ACE2: Accurately learning subseasonal to decadal atmospheric variability and forced responses

TL;DR

ACE2 accurately reproduces the atmospheric response to El Niño variability and global trends of temperature over the past 80 years, however, its sensitivities to separately changing sea surface temperature and carbon dioxide are not entirely realistic.

Abstract

Existing machine learning models of weather variability are not formulated to enable assessment of their response to varying external boundary conditions such as sea surface temperature and greenhouse gases. Here we present ACE2 (Ai2 Climate Emulator version 2) and its application to reproducing atmospheric variability over the past 80 years on timescales from days to decades. ACE2 is a 450M-parameter autoregressive machine learning emulator, operating with 6-hour temporal resolution, 1° horizontal resolution and eight vertical layers. It exactly conserves global dry air mass and moisture and can be stepped forward stably for arbitrarily many steps with a throughput of about 1500 simulated years per wall clock day. ACE2 generates emergent phenomena such as tropical cyclones, the Madden Julian Oscillation, and sudden stratospheric warmings. Furthermore, it accurately reproduces the atmospheric response to El Niño variability and global trends of temperature over the past 80 years. However, its sensitivities to separately changing sea surface temperature and carbon dioxide are not entirely realistic.

Figures (23)

• Figure 1: Global- and annual-mean series for a) 2-meter air temperature and c) total water path over 81-year evaluations of ACE2-ERA5 and ACE2-SHiELD. For each ACE2 evaluation, a three-member initial condition (IC) ensemble of the model (each initialized one day apart) is shown in solid lines, and the reference dataset is shown in dashed lines (e.g., ACE2-ERA5 vs. ERA5 itself). The validation and test periods are shaded in dark gray and light gray, respectively. As a baseline, the ACE-climSST model WattMeyer2023 forced with the historical SST is also shown for total water path (2-meter air temperature was not predicted by this model). The "forced SST" in a) is the prescribed SST averaged over 45$^{\circ}$S to 45$^{\circ}$N in the SHiELD simulation (ERA5 SSTs are similar though not identical). The R$^2$ of the 81-year series are shown in b) and d). For ACE2-SHiELD, the skill metrics for each of four trained models are shown. Error bars indicate the range over three IC ensemble members for each model. SHiELD reference variability is the R$^2$ computed between the two SHiELD ensemble members.
• Figure 2: a) - c): Zonal- and time-mean for ACE2 (solid) and its reference datasets (dashed) over test period spanning 2001-01-01 to 2010-12-31, for selected variables. d) - f): ACE2-ERA5 time-mean biases over this time period. g) - i): ACE2-SHiELD time-mean biases over this time period.
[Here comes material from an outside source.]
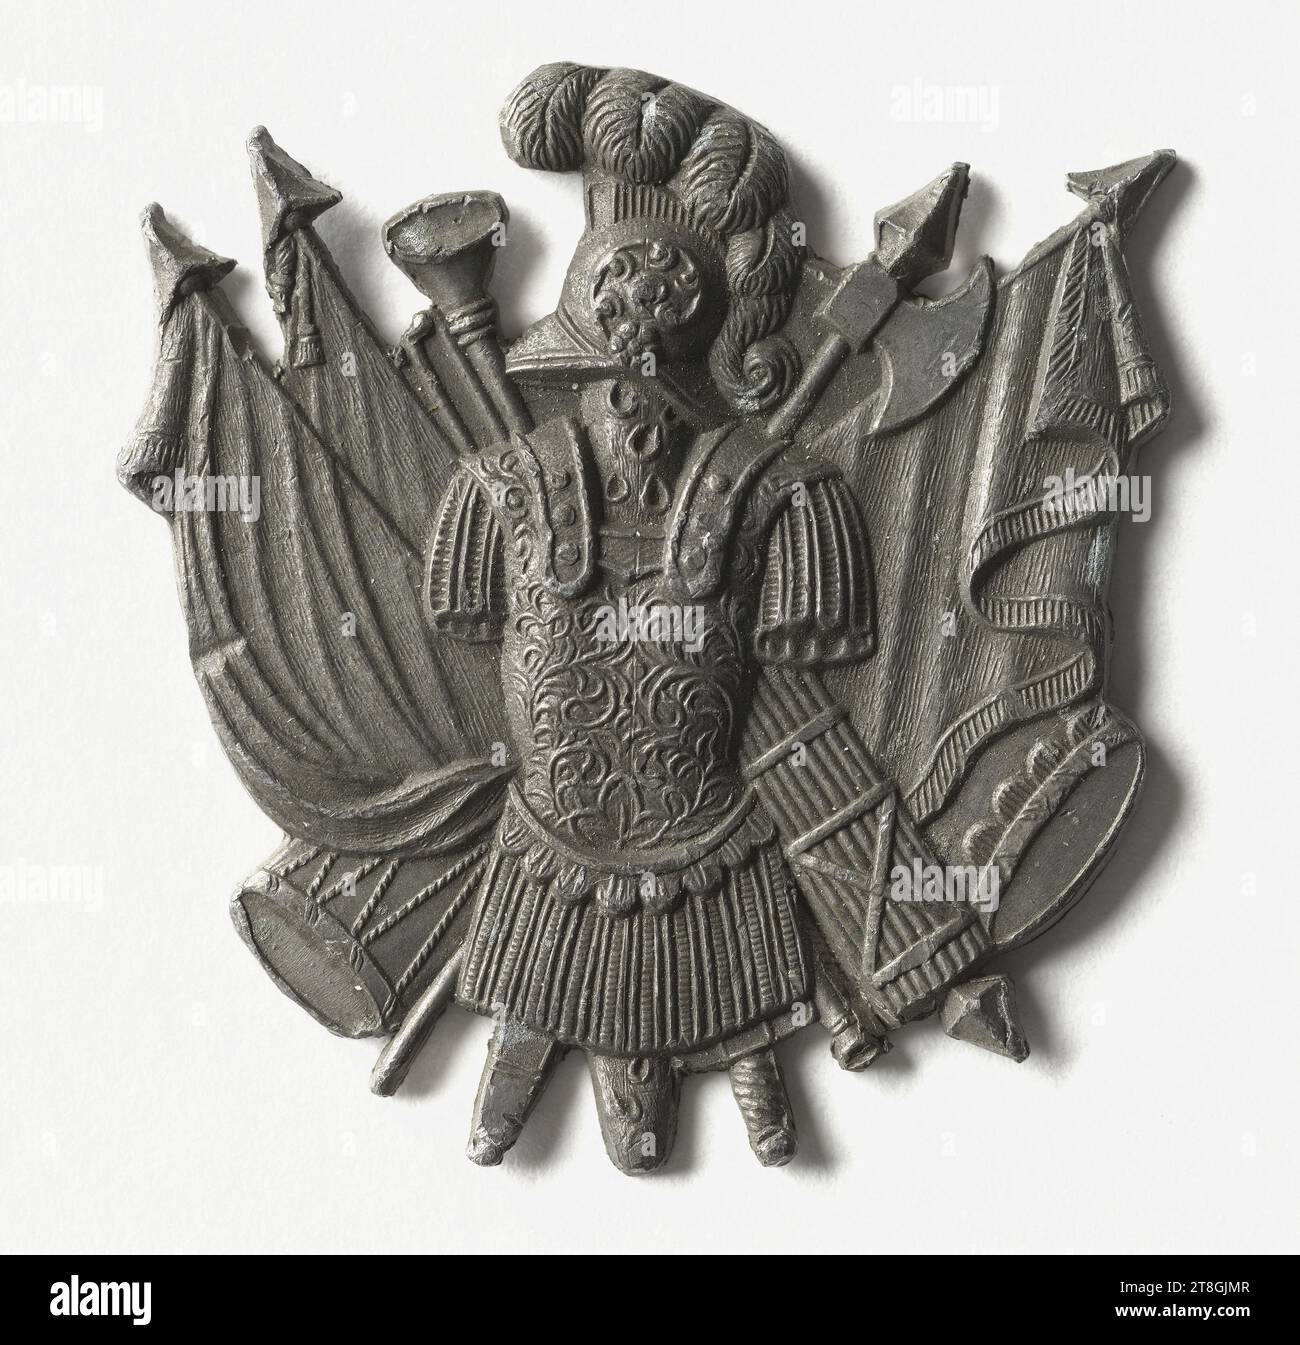 Trophy composed of an antique cuirass surmounted by a crested helmet and placed on a lictor's bundle and an ax in saltire, four flags, and a drum, s. d., Medal engraver, 19th century, Numismatics, Medal, Zinc, Dimensions - Work: Height: 4 cm, Width: 3.2 cm, Weight (type dimension): 17.82 g Stock Photo

Results for a single initialization of each ACE2 model are shown.
• Figure 3: Global RMSE between the time-mean of ACE2 and its reference dataset (ERA5 or SHiELD). Error bars indicate the 95% confidence interval based on the IC ensemble. Also included are NeuralGCM error against ERA5, SHiELD reference variability, the error of ACE-climSST evaluated against the SHiELD dataset, and the error of the SHiELD simulations against ERA5. ACE-climSST did not predict 2-meter temperature or 500hPa height. NeuralGCM Kochkov2024 results are only available for total water path for a single year (2020), and so we also show 2020-only results of ACE2-ERA5.
• Figure 4: Maps of regression coefficients of predicted and reference dataset surface precipitation against the Niño 3.4 index over the 10-year test period. Single model initializations are shown. a) ACE2-ERA5, b) ACE2-SHiELD, c) ACE-climSST evaluated on SHiELD, d) ERA5 reference, e) SHiELD reference, all for the 10-year test period. Titles of panels a-c indicate the RMSE of the predicted map against its reference map; the numbers in parenthesis are for the two other initializations that are not shown. For e), the SHiELD reference variability is calculated as the RMSE between the regression coefficient maps of the two ensemble members.
• Figure 5: Tracks of tropical cyclone-like features over the 2001-2010 period for a) the IBTrACS dataset, b) ERA5, c) the C96 SHiELD model and d) ACE2-ERA5. The tracks for b)-d) are determined based on minima in sea-level pressure along with maxima in upper troposphere temperature. See main text for details. The average number of tropical cyclones across the globe per year is shown in the title of each panel, although the IBTrACS dataset is not directly comparable to the detections in other panels which use a tracking algorithm applied to 1° resolution data.